Our next question comes from Eli Kraicer with Millennium.

Jeff Gildersleeve

It's Jeff Gildersleeve. I just wanted to look at Slide 59, your guidance assumptions for the commodity, you have of NYMEX gas at $3.70 and wellhead of $2.37.

We've seen a lot of volatility, so I just wanted to take your perspective on those assumptions.

David R. Emery

Yes, I mean, as Tony said, those are the assumptions we had when we put out our guidance in November 5. And we don't update those typically during the year, unless there's some major change.

Things are always moving one way or the other. And we talked a little bit about, for example, some of plants being a little slower.

I mean, some of those, we don't typically update our guidance for price movements unless we see -- we've got actual earnings in related to that price increase than we do. But we hedge a fair amount of our gas and oil.

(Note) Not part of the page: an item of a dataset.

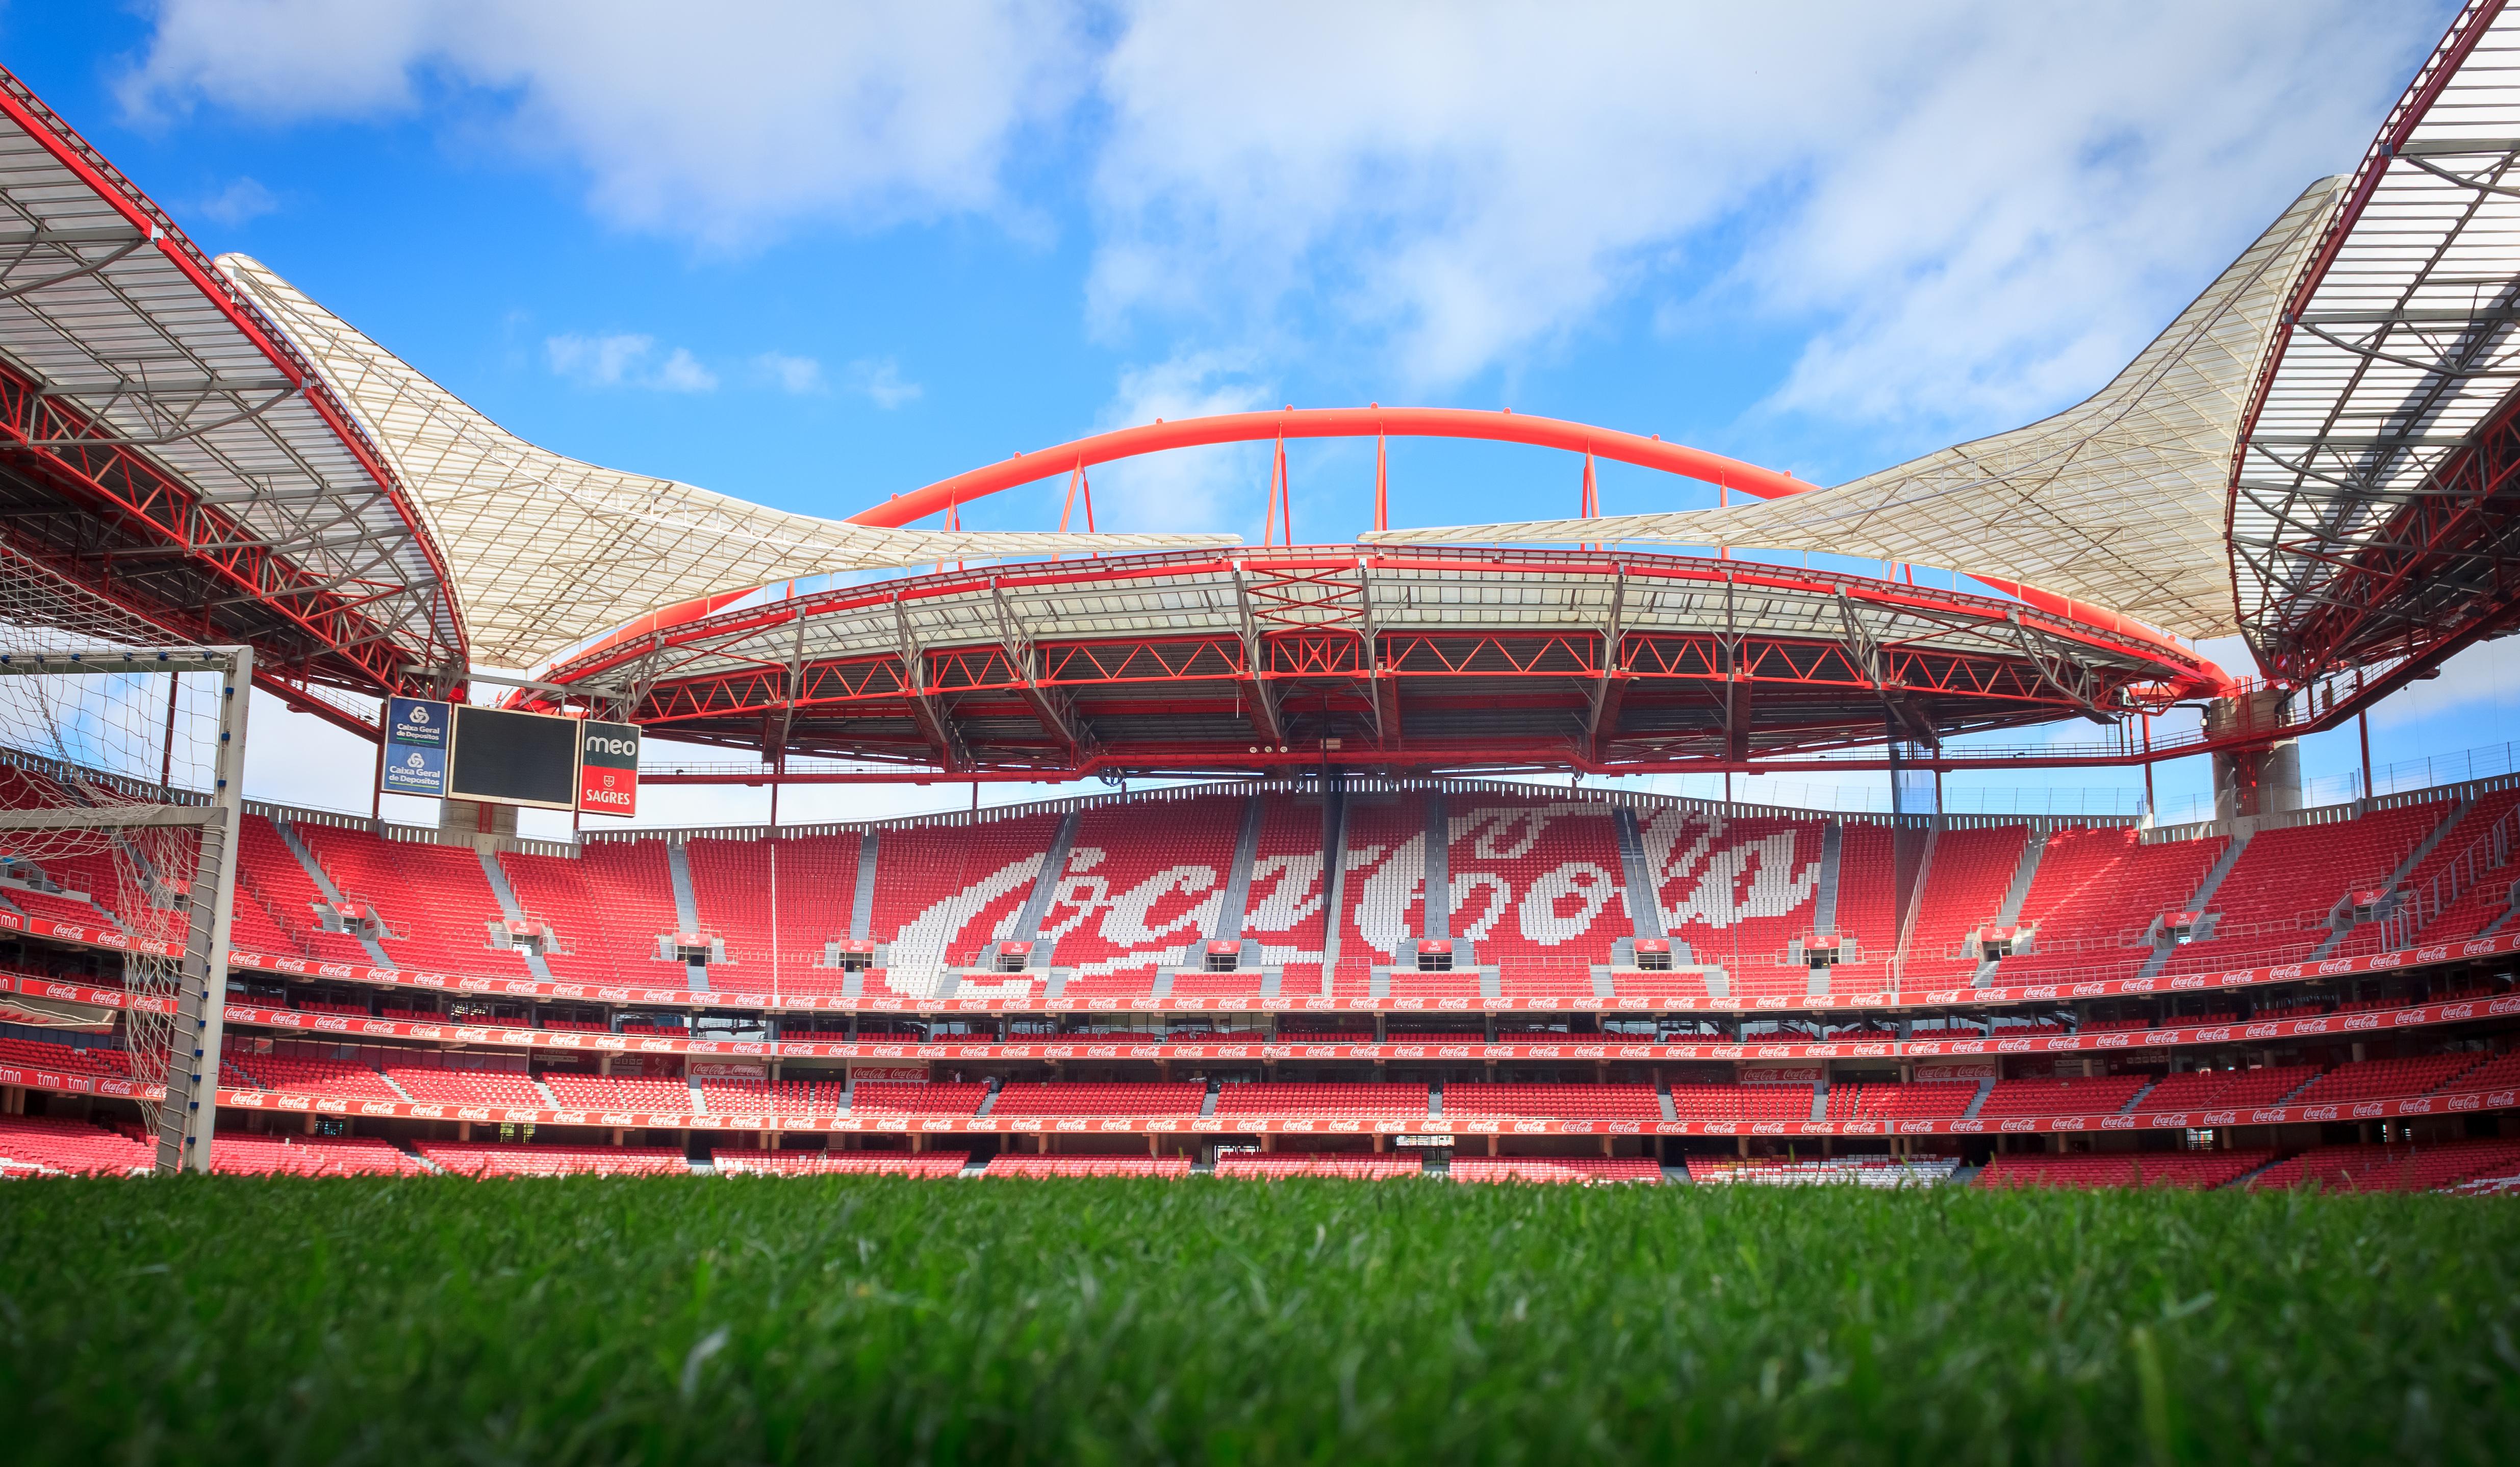 Stadium Food Preview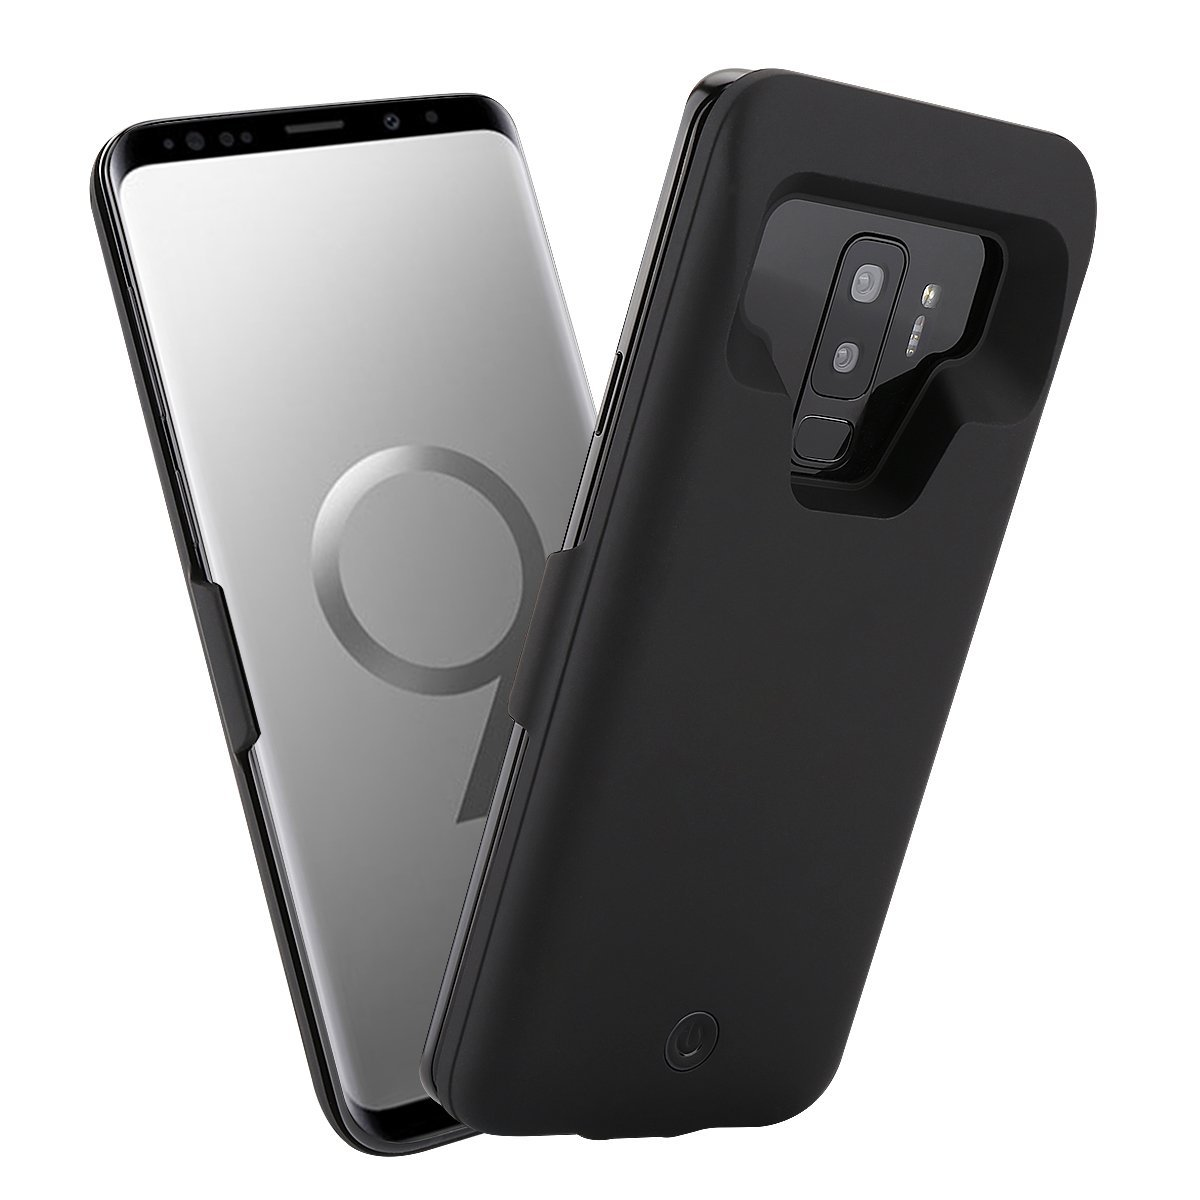 online store 57ffe de475 Cheap 2018 Battery, find 2018 Battery deals on line at Alibaba.com

And so there's not a lot of incremental production except new production that comes on that is unhedged, typically. So we end up hedging 2/3 kind of number of our total production.

Jeff Gildersleeve

Okay. Yes, because I mean, I think the 14 strip's like 4.60, and then when you look at the -- your hubs, your gas hubs out there, can you just remind us what hubs in the Piceance and San Juan that you're going into?

David R. Emery

Well, in the San Juan, we're typically at San Juan. And then depending on where the gas is in the Northern Rockies, Northwest Rockies, typically.

Jeff Gildersleeve

Okay. Yes, because there's been a lot of spot volatility, as you said, you're hedged a lot and the excess gas hasn't come on.

But there's some pretty extreme prices out there now. So you said you're 2/3 hedged on your production?

Anthony S. Cleberg

Roughly or more.

David R. Emery

And we disclose our specific hedges in doing the K, Jeff, so it's very easy to figure out the total hedged volumes when you see the K.

Jeff Gildersleeve

Okay. But you wouldn't typically update your assumptions if they changed throughout the year?

David R. Emery

No, not unless. If we were to raise guidance driven by say, just pure price increase or something, we might change that assumption.

But typically, we leave our assumptions the same unless there's something that leads us to raise our guidance and then we typically would revise at least a few of the assumptions there.

Operator

Our next question comes from Shelby Tucker with RBC Capital Markets.

Shelby G. Tucker - RBC Capital Markets, LLC, Research Division

In your conversations with the commissioners, do you have any updates on the idea of rate basing natural gas reserves somewhat what you see in Utah?

David R. Emery

No. That's something that we know others are doing and certainly it's something that we've at least contemplated.

But haven't really had any substance of discussions certainly with commissions related to that. It's something that's certainly intriguing to us with the natural gas holdings we have, but we really haven't gone a whole lot further than that at this point, Shelby.

Operator

[Operator Instructions] Our next question comes from Matthew Barnett with Jet Capital.

Matthew Barnett

Could you just remind us on the size of the gas processing plant with Summit and whether or not that size is meant to satisfy the 2 wells being drilled or the entire drilling program?

David R. Emery

Well, it's not going to satisfy the entire drilling program. It'll certainly help -- the way that plants designed is it's designed to be brought on in 20 million cubic feet a day increments.

And so they'll build it basically 20 million cubic feet of capacity at the time based upon our request. And then the first phase is going to be 20 million a day and that's the phase we're waiting for.

Operator

There are no more questions in queue. I would now like to turn the call back to David Emery, please proceed.

David R. Emery

All right. Thank you.

Well, thank you, everyone, for joining us this morning. We very much appreciate your time and your continued interest in Black Hills.

We're very excited about our performance in 2013 and expect good continued growth going in 2014 as well. So thank you, have a great day and a good weekend.

Operator

Thank you for your participation in today's conference. This concludes the presentation.

You may now disconnect. Have a good day.